Originally Posted by ScottFW (Post 516084)
Having enough O2 at the start of fermentation has two important effects. One is that it will result in a more complete fermentation and thus a higher % alcohol in the final product, which I think we can all agree is a good thing. This is because as the % alcohol increases, the efficiency of fermentation of each individual yeast cell decreases. The extra shot of O2 supports/boosts the replication of the yeast cells at the beginning so you have more of them around later on when the alcohol rises. Incomplete fermentation is not usually anything to worry about until you start brewing bigger beers, but there are really no downsides to having a shitload of viable happy yeast cells working for you.

The extra O2 and the boost it gives the yeast also helps protect against infection by undesirable microbes. The sugary wort is nutrient-rich for any bug, including ones that will make your beer taste like crap. A vigorous yeast culture will outcompete any other microbes that happen to make it past your sanitizing efforts.

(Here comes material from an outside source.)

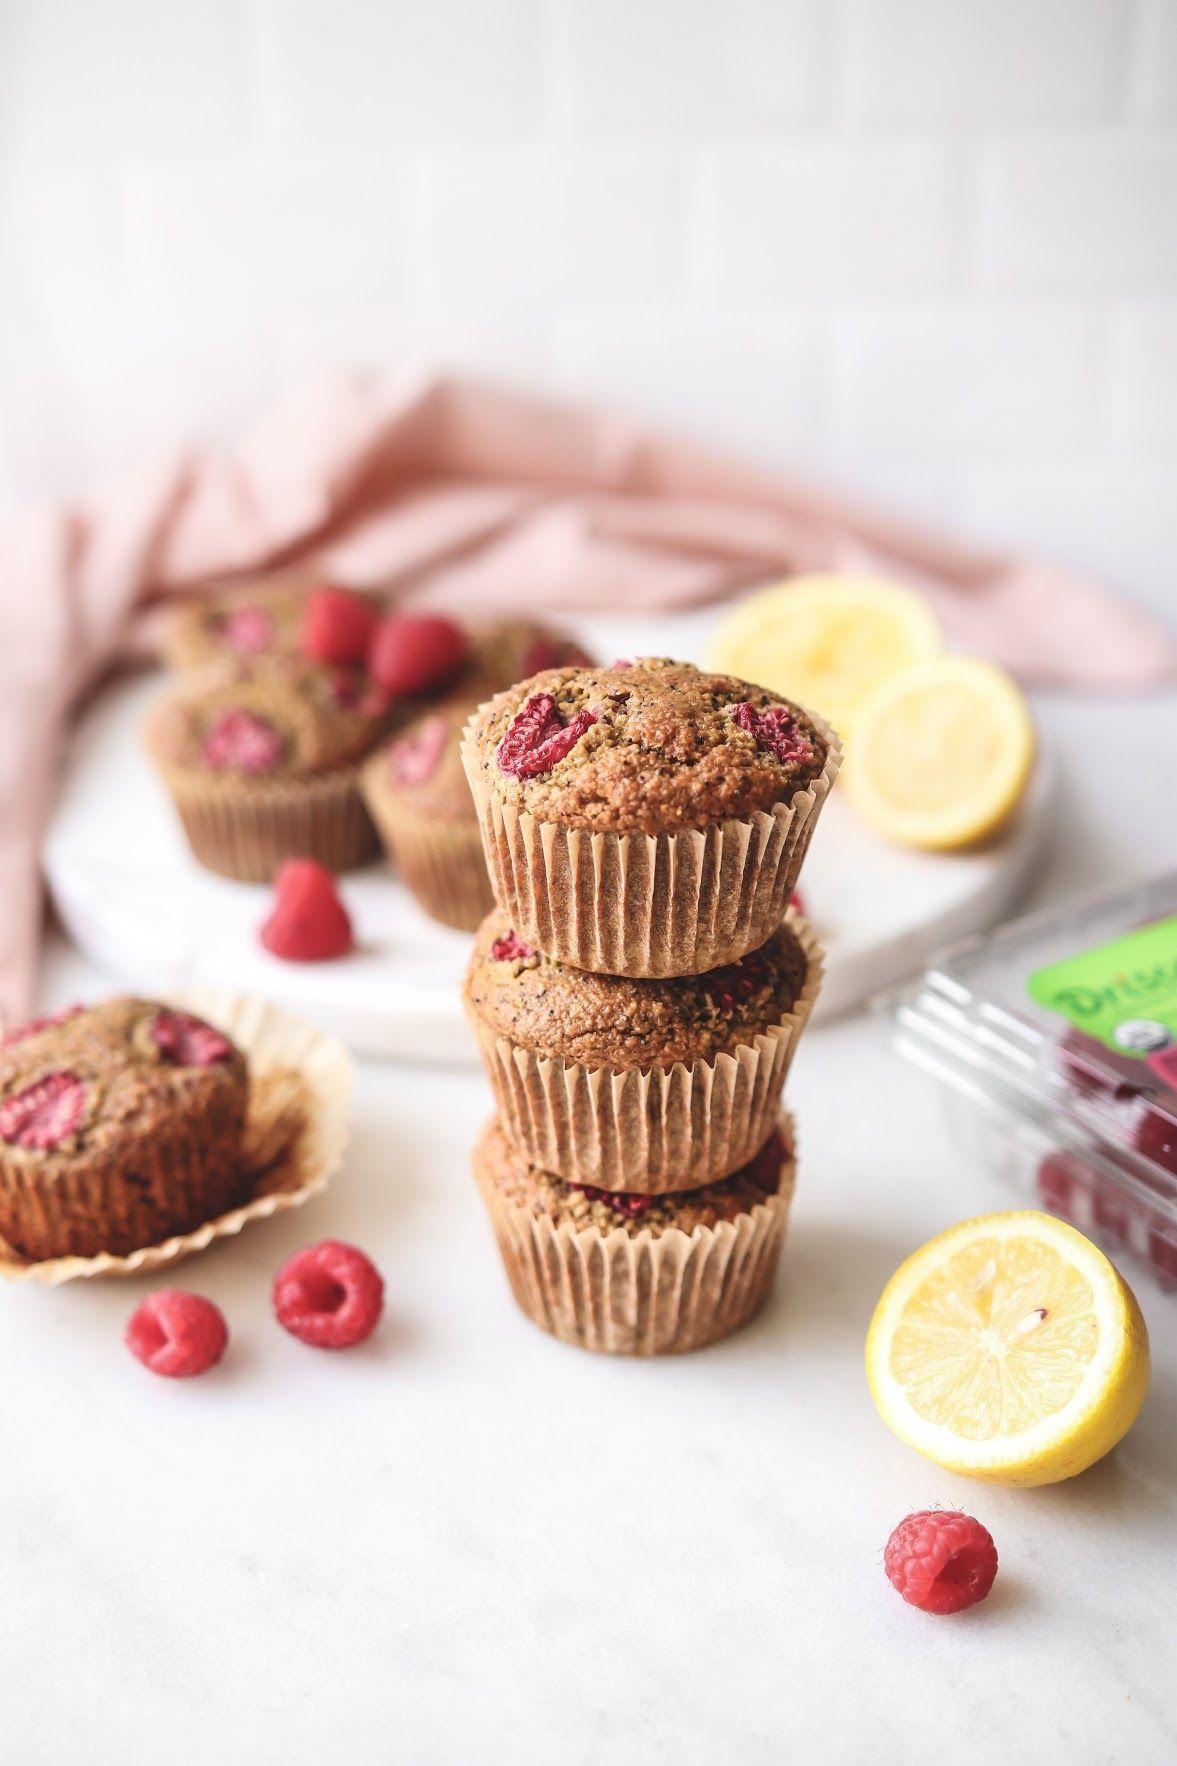 Raspberry Lemon Poppyseed Muffins
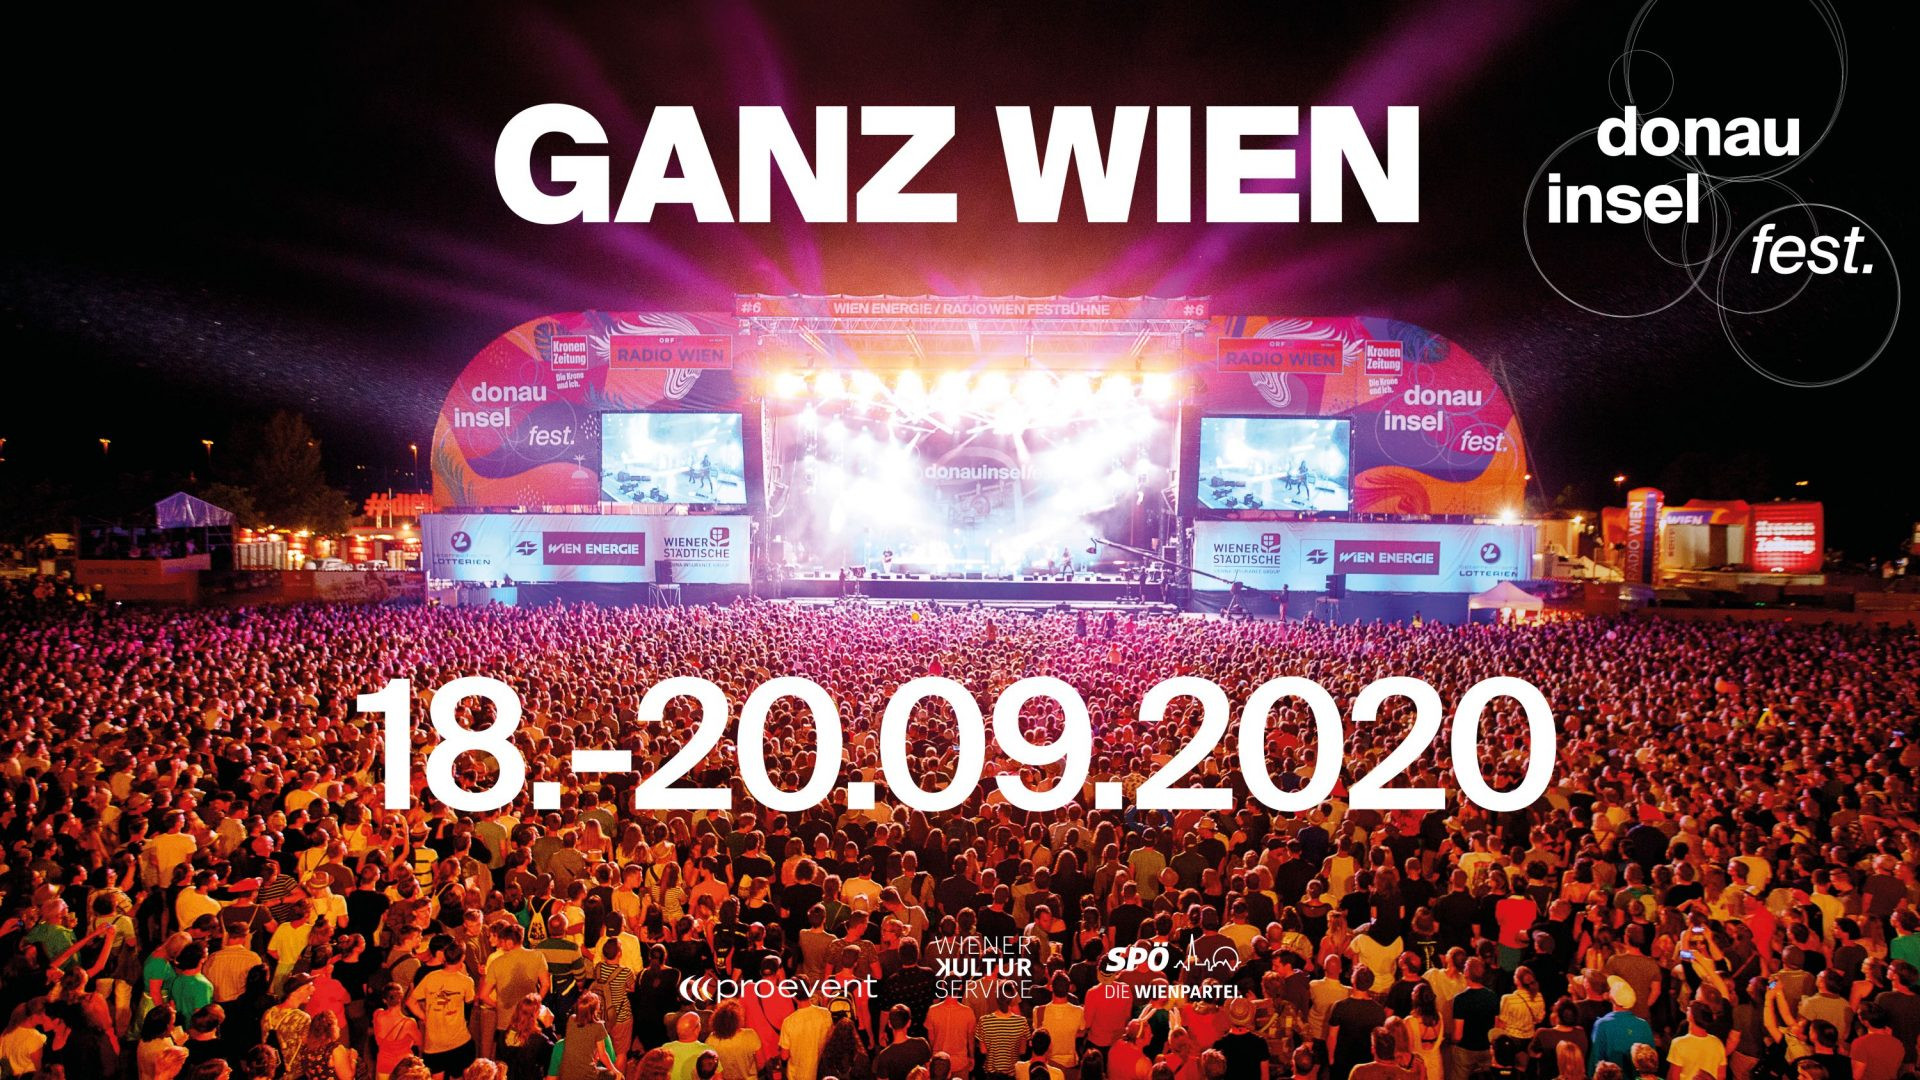 Donauinselfest 2020 Donauinsel Wien 18 09 2020 Volume Events

The sintered brass stone, valve, and tubing can be bought at your brew supply shop and the O2 cylinders can be had at HD/Lowe's. After you get the wort in the fermenter, give it about a 45-60 second dose of O2.

Keep in mind that while lots of O2 is good to start fermentation, you want to minimize the air/O2 exposure of your finished beer. Oxidation will wreck hops flavor and generally make the beer taste old and stale, so when racking to a secondary fermenter or bottling/kegging you want to disturb the liquid as little as possible. Keep your siphon ends submerged at all times and keep the sloshing to a minimum. :beer:

lol. ok well you make a good case. more stuff to buy i suppose:sadwavey:

KPLAFIN 01-31-2010 08:07 PM

I can't wait until I have the space and time to start home brewing. Damn barracks and Army.